Let’s create an EKS cluster on AWS

# Karpenter AWS requirements configuration
curl -fsSL https://karpenter.sh/"${KARPENTER_VERSION}"/getting-started/getting-started-with-karpenter/cloudformation.yaml  > $TEMPOUT \
&& aws cloudformation deploy \
  --stack-name "Karpenter-${CLUSTER_NAME}" \
  --template-file "${TEMPOUT}" \
  --capabilities CAPABILITY_NAMED_IAM \
  --parameter-overrides "ClusterName=${CLUSTER_NAME}"

# Create EKS cluster
eksctl create cluster -f - <<EOF
---
apiVersion: eksctl.io/v1alpha5
kind: ClusterConfig
metadata:
  name: ${CLUSTER_NAME}
  region: ${AWS_DEFAULT_REGION}
  version: "${K8S_VERSION}"
  tags:
    karpenter.sh/discovery: ${CLUSTER_NAME}

vpc:
  cidr: 10.10.0.0/16
  #autoAllocateIPv6: true
  # disable public access to endpoint and only allow private access
  clusterEndpoints:
    publicAccess: true
    privateAccess: true
  nat:
    gateway: Single 

iam:
  withOIDC: true
  serviceAccounts:
  - metadata:
      name: karpenter
      namespace: karpenter
    roleName: ${CLUSTER_NAME}-karpenter
    attachPolicyARNs:
    - arn:aws:iam::${AWS_ACCOUNT_ID}:policy/KarpenterControllerPolicy-${CLUSTER_NAME}
    roleOnly: true

iamIdentityMappings:
- arn: "arn:aws:iam::${AWS_ACCOUNT_ID}:role/KarpenterNodeRole-${CLUSTER_NAME}"
  username: system:node:{{EC2PrivateDNSName}}
  groups:
  - system:bootstrappers
  - system:nodes
# We keep one node as permanent for any service like istio, grafana, etc
managedNodeGroups:
- instanceType: r5a.large
  amiFamily: AmazonLinux2
  name: ${CLUSTER_NAME}-node-core-services
  labels: { role: core }
  volumeSize: 100
  volumeType: gp3
  desiredCapacity: 1
  minSize: 1
  maxSize: 1

cloudWatch:
  clusterLogging:
    enableTypes: ["api", "audit", "authenticator", "controllerManager", "scheduler"]
    logRetentionInDays: 7

addons:
- name: coredns
  version: latest # auto discovers the latest available
- name: kube-proxy
  version: latest
- name: aws-ebs-csi-driver
  wellKnownPolicies:      # add IAM and service account
    ebsCSIController: true

## Optionally run on fargate
# fargateProfiles:
# - name: karpenter
#  selectors:
#  - namespace: karpenter
EOF

Export cluster endpoint and kubeconfig configuration

export CLUSTER_ENDPOINT="$(aws eks describe-cluster --name ${CLUSTER_NAME} --query "cluster.endpoint" --output text)"
export KARPENTER_IAM_ROLE_ARN="arn:aws:iam::${AWS_ACCOUNT_ID}:role/${CLUSTER_NAME}-karpenter"
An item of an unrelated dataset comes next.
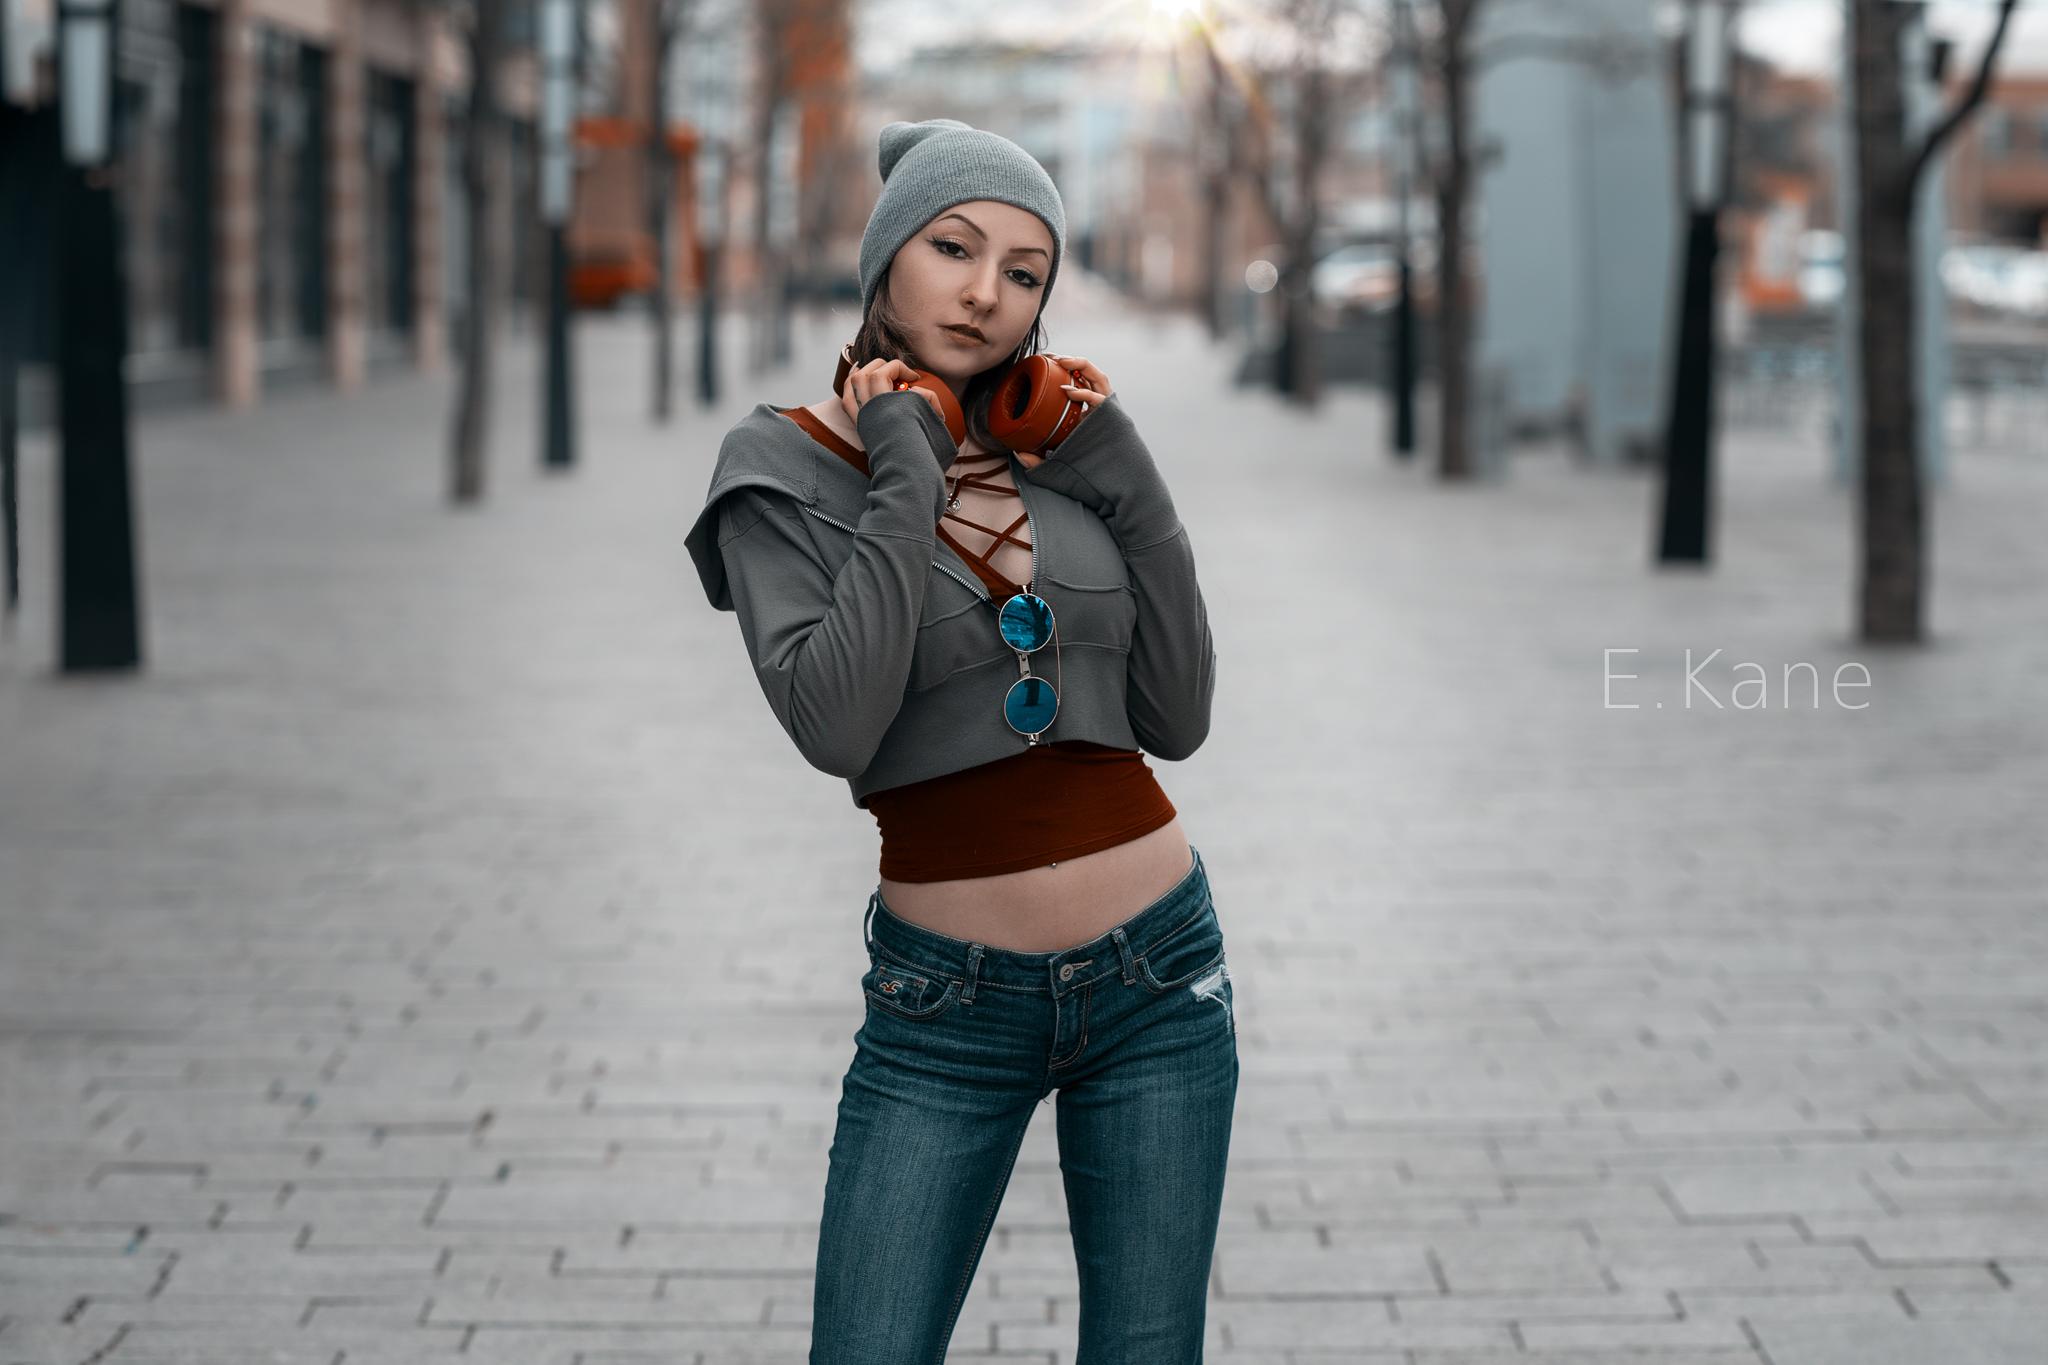 portrait-photography-fort collins-colorado-evan kane

# Check cluster endpoint and karpenter Iam role
echo $CLUSTER_ENDPOINT $KARPENTER_IAM_ROLE_ARN

# Create kubeconfig
aws eks update-kubeconfig --region $AWS_DEFAULT_REGION --name $CLUSTER_NAME

We need to enable spot instances service in our account, otherwise, Karpenter will fail to create nodes with spot instances.
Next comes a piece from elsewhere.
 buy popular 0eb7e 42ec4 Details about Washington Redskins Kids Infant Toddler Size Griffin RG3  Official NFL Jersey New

# Enable spot instances service in AWS account
aws iam create-service-linked-role --aws-service-name spot.amazonaws.com || true

Install Karpenter helm chart


# Logout of docker to perform an unauthenticated pull against the public ECR
docker logout public.ecr.aws
helm registry logout public.ecr.aws

# Install karpenter helm chart
helm upgrade --install karpenter oci://public.ecr.aws/karpenter/karpenter --version ${KARPENTER_VERSION} --namespace karpenter --create-namespace \
  --set serviceAccount.annotations."eks\.amazonaws\.com/role-arn"=${KARPENTER_IAM_ROLE_ARN} \
  --set settings.aws.clusterName=${CLUSTER_NAME} \
  --set settings.aws.defaultInstanceProfile=KarpenterNodeInstanceProfile-${CLUSTER_NAME} \
  --set settings.aws.interruptionQueueName=${CLUSTER_NAME} \
  --set controller.resources.requests.cpu=1 \
  --set controller.resources.requests.memory=1Gi \
  --set controller.resources.limits.cpu=1 \
  --set controller.resources.limits.memory=1Gi \
  --wait

Once Karpenter installation is finished we must configure it, we need to create a provisioner, this is the way we tell Karpenter what kind of instances it should use when is launching a new node, also what is the autoscaling limit.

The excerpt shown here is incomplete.